Por último, en este laberinto de memorias, al mover solo de lugar la estatua de Colón, llevarla a Polanco lejos de manifestantes indígenas, se está dejando intacta su glorificación. ¿Merece ser preservado el monumento que enaltece su memoria? En el mundo entero se ha pedido retirar las estatuas de esclavizadores, no solo cambiarlas de lugar. Si efectivamente, como lo han documentado varias investigaciones en los últimos años, más que un visionario se trata de un comerciante ambicioso, decidido a vender seres humanos, enviando a los nativos de este continente a Europa para ser esclavos, muy dado al maltrato de los que quedaron a su merced en los dominios que le otorgara la Corona por sus servicios. La memoria nunca está desligada del presente. Mientras la relación entre el Estado y los pueblos indígenas no cambie, la presencia de Colón seguirá evocando una herida abierta.

Adenda

Alfredo López Austin dedicó parte de su labor académica a demostrar la continuidad entre los pueblos prehispánicos y los contemporáneos. Ciertos estudiosos consideran que es excesiva dicha continuidad, otros que es totalmente exacta. Espíritu libertario, Alfredo se mostró siempre mucho más matizado en su pensamiento, modificando sus conceptos con nuevas lecturas y reflexiones, alejado de tales polarizaciones. Su vasta obra da cuenta de ello. Quizá por eso se divertía tanto con las andanzas y travesuras del tlacuache. La unidad y diversidad, la continuidad y el cambio en la historia y devenir de los pueblos mesoamericanos son parte del pensamiento que nos legara para trazar caminos que afinen nuestra comprensión.

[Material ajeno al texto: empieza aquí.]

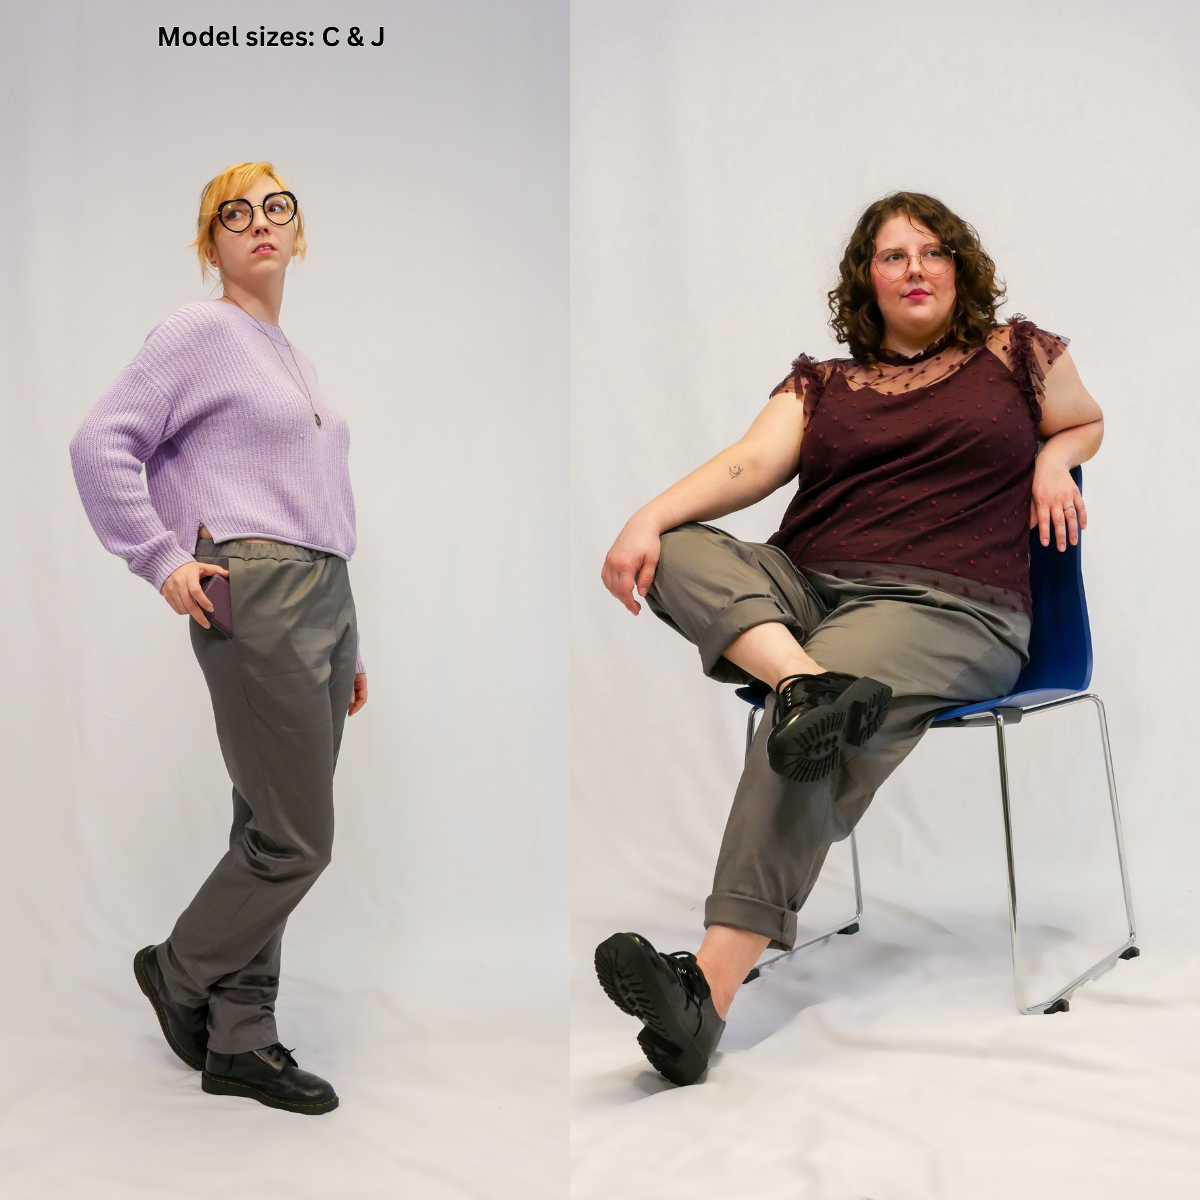 A split-screen image of a nonbinary model wearing completed FSCO Pants (f) in size C and a female model wearing completed FSCO Pants (f) in size J. The size C model's pants are paired with a lilac sweater.  They are holding a cell phone in the pocket of their pants to demonstrate the depth of the pocket. The size J model's pants are paired with a deep purple business casual blouse. She is sitting on a chair with her leg crossed over the other.

El mejor homenaje que podrían rendir las instituciones sería el rehacer los libros de texto de educación básica con tal enfoque a fin de construir desde la escuela una visión pluricultural de nuestra sociedad, de la nación, y evitar así las narrativas que poco aportan a la imagen que se tiene de los pueblos indígenas, forjadas por las élites, impregnada de racismo. A la larga podría entonces terminarse el clientelismo, el tutelaje, la imposición de proyectos de “desarrollo” con que el Estado busca resolver lo que se denominó “el problema indígena” y dar paso al ejercicio pleno del derecho de los pueblos indígenas a decidir su propio futuro.

César Carrillo Trueba es profesor de la Facultad de Ciencias de la Universidad Nacional Autónoma de México (UNAM).